Angela Merkel avait levé en partie le voile vendredi en indiquant que l'Allemagne s'orientait vers la construction des terminaux méthaniers pour avoir une plus grande "diversité dans son approvisionnement énergétique" afin de ne pas dépendre "exclusivement" du gaz russe.

- Besoins accrus -

Car le pays a enclenché sa sortie du nucléaire et amorcée celle du charbon dans la production d'électricité et il va donc faire face à des besoins accrus en gaz.

"Nous allons avoir besoin de plus de gaz et donc pour nous protéger et être moins vulnérables nous devons diversifier" les sources, a insisté M. Altmaier.

Le GNL nous permettra de nous "approvisionner en gaz auprès d'encore plus de fournisseurs et d'accroître ainsi notre sécurité" énergétique, a expliqué M. Altmaier mardi, citant outre les Etats-Unis, l'Egypte, le Qatar et Israël.

Mais il a aussi rappelé l'écueil principal du gaz américain : son coût bien supérieur au gaz russe.
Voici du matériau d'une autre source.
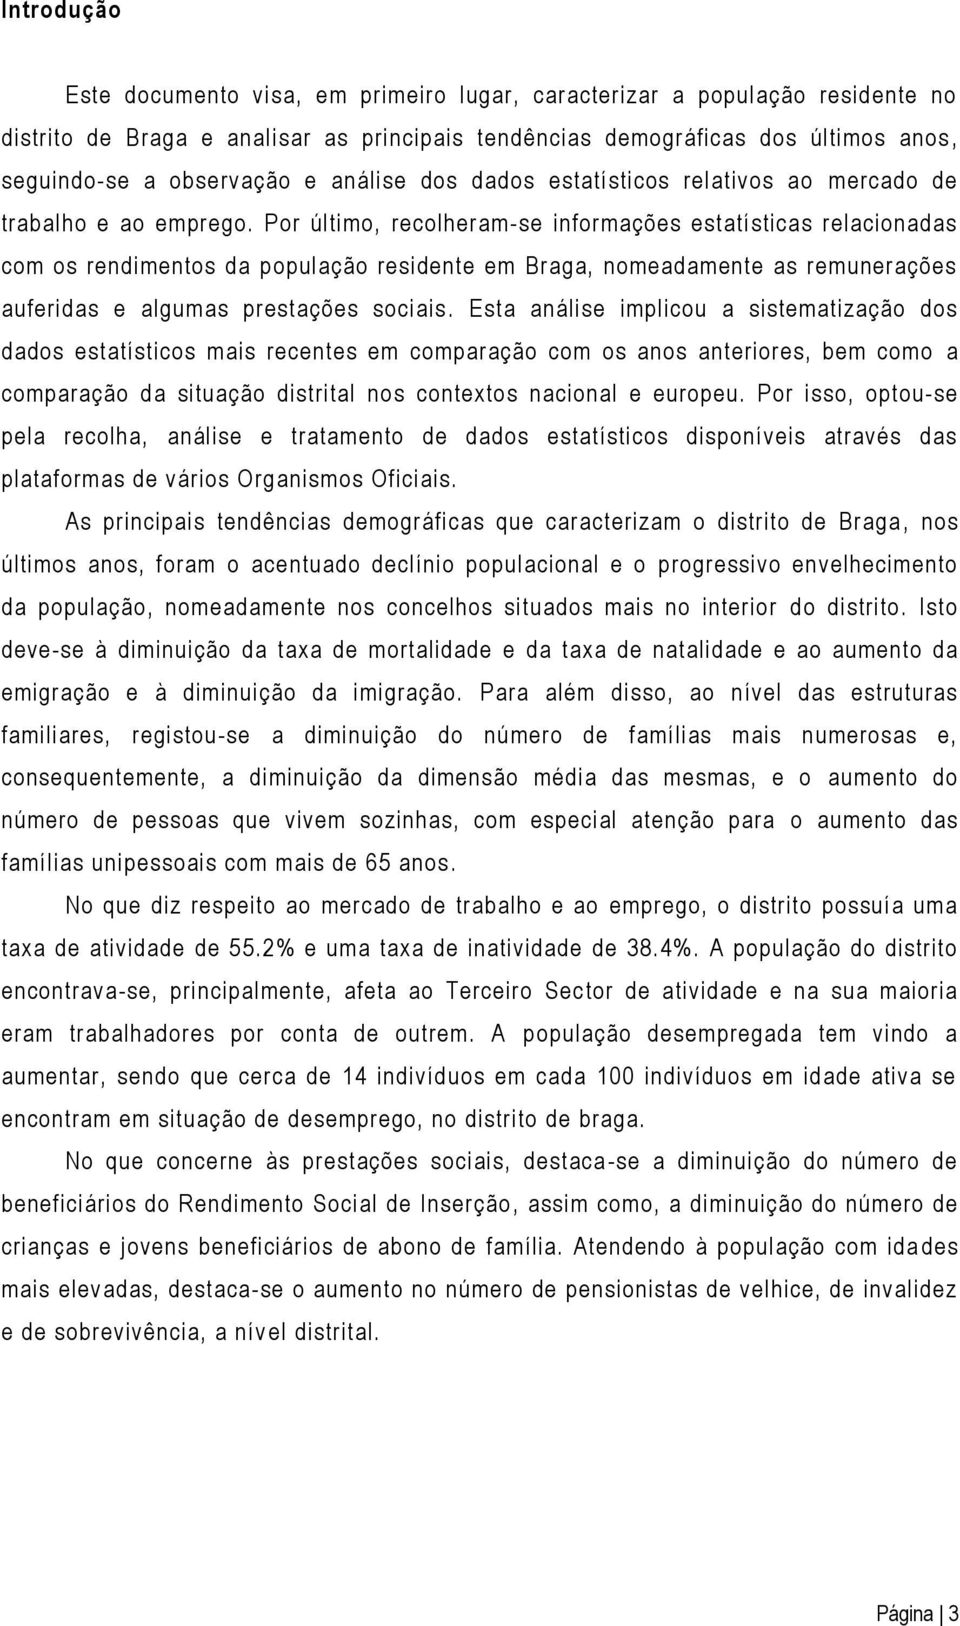 Por último, recolheram-se informações estatísticas relacionadas com os rendimentos da população residente em Braga, nomeadamente as remunerações auferidas e algumas prestações sociais.

M. Brouillette a tenté d'apaiser cette inquiétude en assurant que les prix baisseraient "de manière spectaculaire" au cours de la décennie à venir, du fait de la concurrence avec l'Australie ou le Qatar et de l'augmentation des capacités de production américaines.
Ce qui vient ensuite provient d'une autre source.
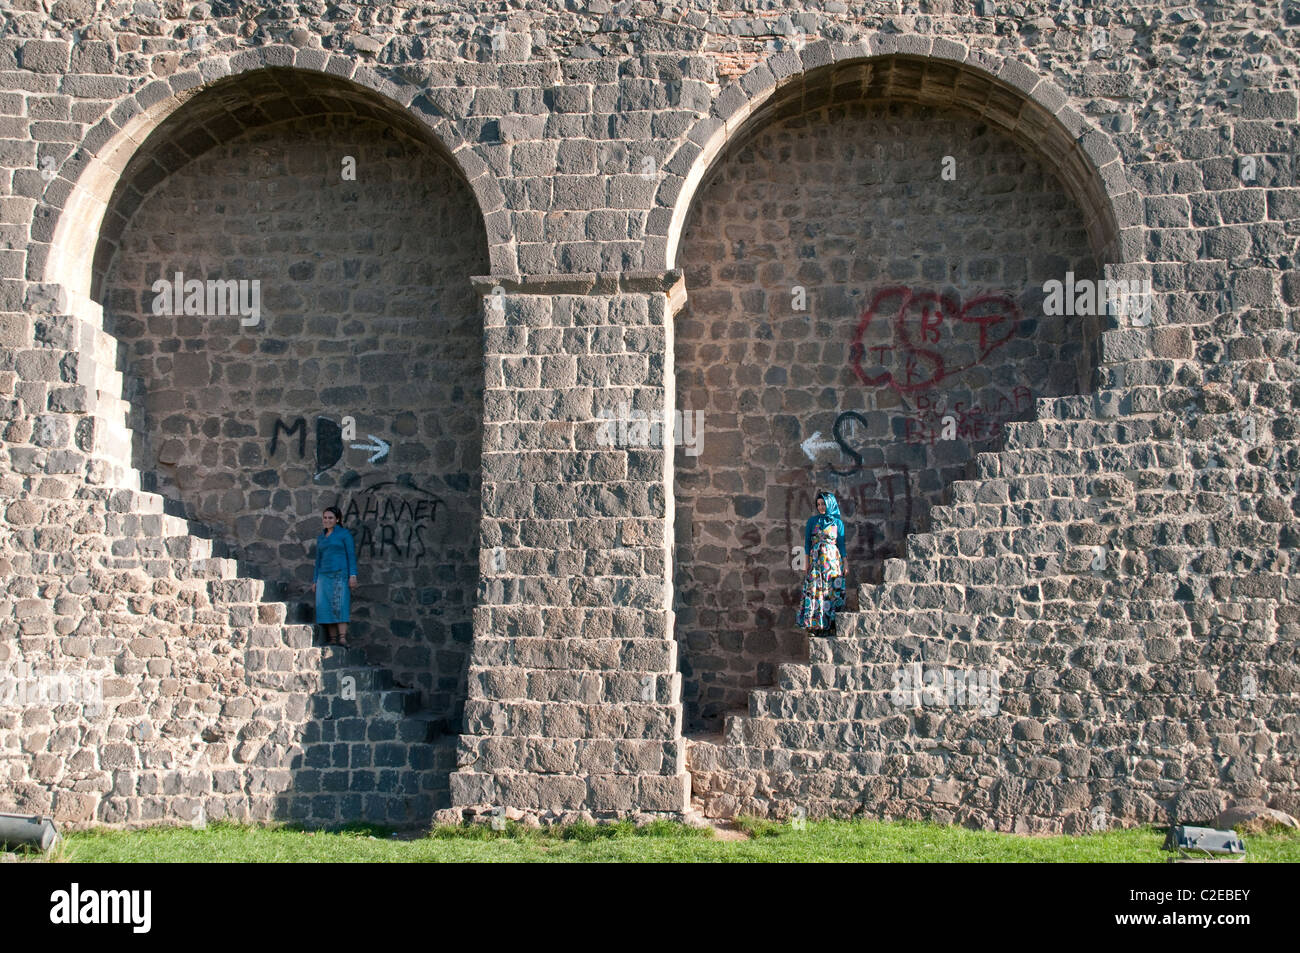 Due donne si trovano in una nicchia a forma di cuore nelle vecchie mura della fortezza di basalto della città curda di Diyarbakir, nella regione orientale dell'Anatolia della Turchia. Foto Stock

"Nous travaillons très dur pour rendre le GNL américain plus compétitif", a-t-il insisté.

Pour les Américains, mettre le pied dans le marché gazier européen constitue une riposte à l'influence énergétique russe, appelée à grandir en Europe avec la mise en service, en 2020, de Nord Stream 2.

Ce projet doit permettre de doubler les capacités du premier Nord Stream, qui transporte du gaz de la côte Baltique de la Russie jusqu'à l'Allemagne.

Cette route sous-marine directe entre le fournisseur et l'un de ses principaux clients permet aussi de contourner l'Ukraine, alliée aux Occidentaux et en conflit avec la Russie.

Les détracteurs de Nord Stream 2 considèrent que ce gazoduc affaiblit l'Europe face à Moscou et trahit les Ukrainiens, même si Mme Merkel a promis de défendre les intérêts de Kiev. M. Altmaier a répété cette promesse mardi.

Malgré des divisions, les 28 pays membres de l'UE sont parvenus le 8 février à se mettre d'accord pour mieux contrôler leur marché du gaz, des changements qui devraient compliquer le fonctionnement de Nord Stream 2.

M. Brouillette a d'ailleurs souligné mardi que Washington se sentait "encouragé" par la décision des 28, tout en assurant "suivre de très près sa mise en oeuvre".

- 'Pas de deal' -

L'administration américaine avait au préalable menacé de sanctions le tube sous-marin, alors que Berlin est déjà une cible favorite du président américain Donald Trump, qui reproche pêle-mêle aux Allemands leurs excédents commerciaux ou encore des dépenses militaires trop réduites.

Selon un diplomate européen, "Washington a mis une énorme pression sur les capitales européennes ces derniers jours pour empêcher Nord Stream 2".

"Nous ne sommes pas fondamentalement contre le gaz russe en Europe, mais nous sommes contre trop de gaz russe qui rend nos partenaires dépendants ", a souligné dimanche l'ambassadeur américain en Allemagne, Richard Grenell.

Ces pressions ont-elles conduit l'Allemagne à importer du GNL? "Il n'y a pas de deal" en ce sens entre les Etats-Unis et l'Allemagne, ont assuré de concert MM. Altmaier et Brouillette.